No, as in, as the average distance a neutron-hitting nucleus travels before the collision increases, the average energy of the neutron at collision time decreases. Or so I imagine, that's what I'm asking.
The scenario was that the size of the material can increase until you guarantee a sufficiently high rate of collision, and I'm asking whether neutrons really do not lose energy as they travel prior to collision (as the scenario seems to assume).
Why would the average distance a neutron has to travel to strike a nucleus increase?
I suppose it does eventually, as the number of undecayed nuclei falls, but that wouldn’t be a significant effect until the criticality reaction had very significantly progressed. In other words the reaction can’t go on forever.
> Why would the average distance a neutron has to travel to strike a nucleus increase?
Because if the problem is that neutrons are escaping the object before hitting a nucleus, and we are adding more nuclei so the likelihood that they hit something increases, the new collision candidates will be further away than the old ones.
In other words, adding material to the edge of the object does not affect the per distance probability of collision. It only affects the overall probability of collision. Since the per distance probability does not change while the overall probability does, the probability increase must lie outside of the average path length of a neutron through the original object.
In the case we are considering, it doesn’t, but it could with other materials.

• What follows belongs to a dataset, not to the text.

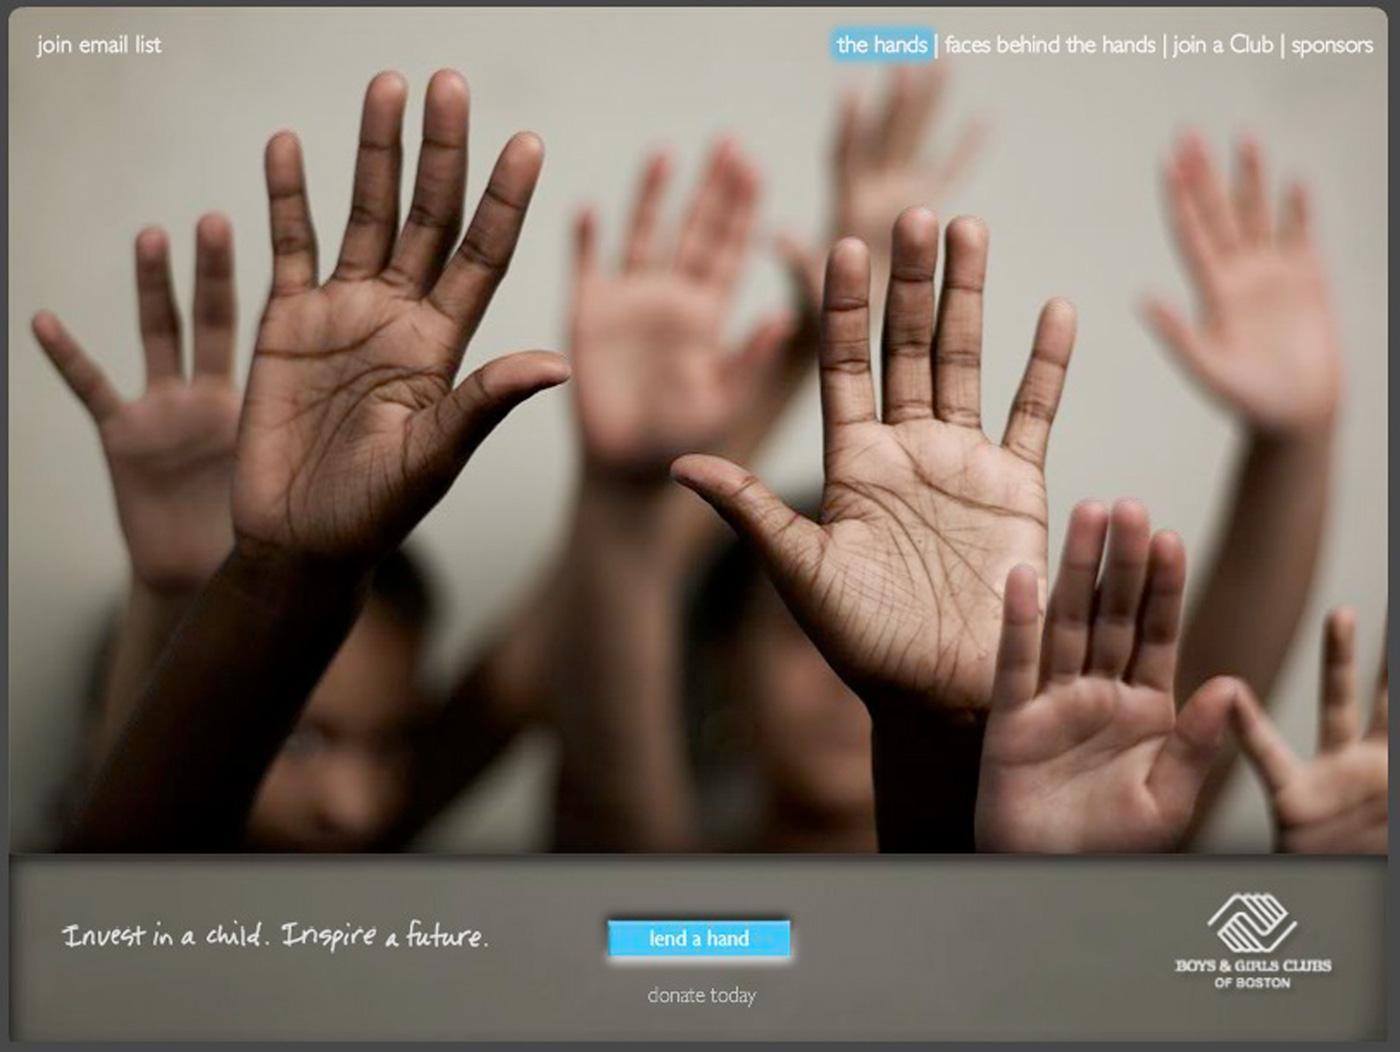 Boys and Girls Club of Boston Digital Ad -  Lend a hand

Consider that the wavelength of the neutron is a function of its energy, and that the cross sections for interaction between nuclei and neutrons are strong and complex functions of energy.
If the cross section for the interaction of interest gets smaller with decreasing energy, then it would be the case that the neutrons mean free path length would increase as energy decreased.

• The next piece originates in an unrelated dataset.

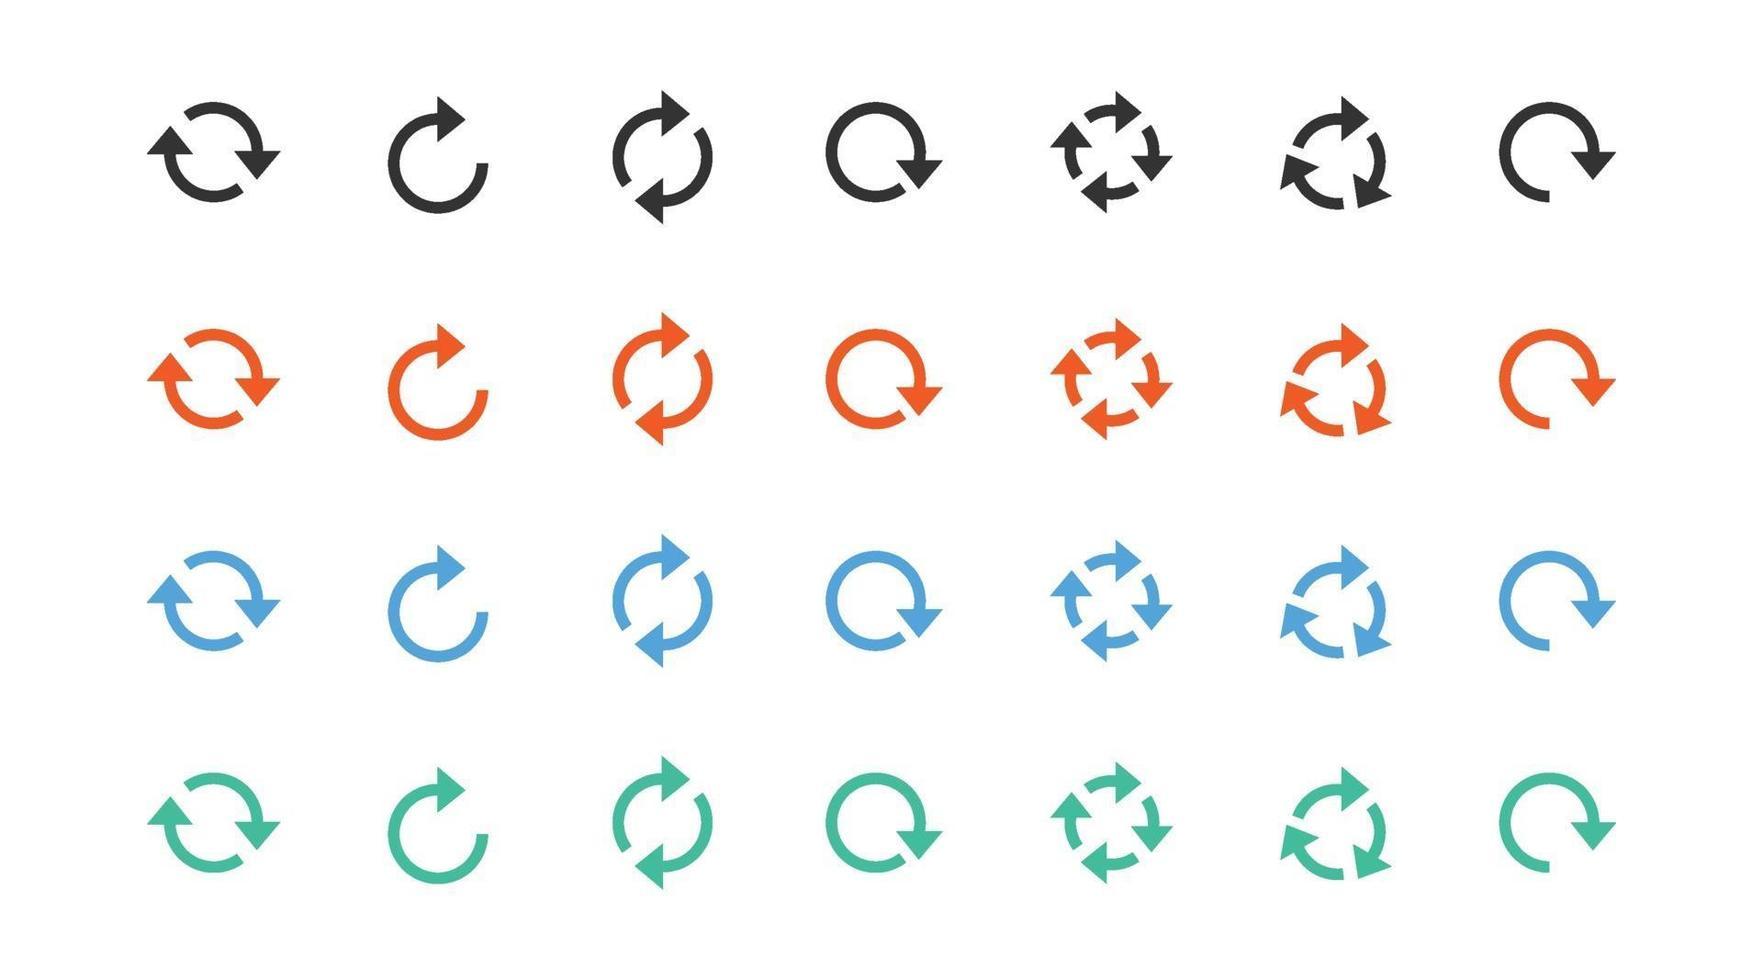 ensemble de vecteur d & # 39; icône de signe de flèche différent

> In the case we are considering, it doesn’t, but it could with other materials.
Sorry, I said something subtle and easy to miss and also made a confusing typo, writing too fast.
"average distance a [nucleus-hitting neutron]"
As in, as more material is added, the percent of neutrons that successfully collide and don't just fly out increases. But, for the class of nucleus-hitting neutrons, the average distance prior to collision increases.
If the neutron loses energy as it travels, then as the average distance increases I suppose the probability of splitting the collidee nucleus decreases. So as the class increases in size, its rate of nucleus splitting may fall below the threshold, which bounds the useful size increase.
Perhaps this doesn't occur until the object has grown in size way past the point of basically guaranteed criticality, I haven't done the math, just curious since GP's statement sounded as if neutrons do not lose energy across any distance and the object could therefore could be increased to an arbitrary size while maintaining the same qualitative per-iteration behavior, and I find that surprising.
In the regime that's interesting for pure fission devices, the opposite is true. The cross section increases as energy decreases. This is why moderators are a thing in nuclear reactors.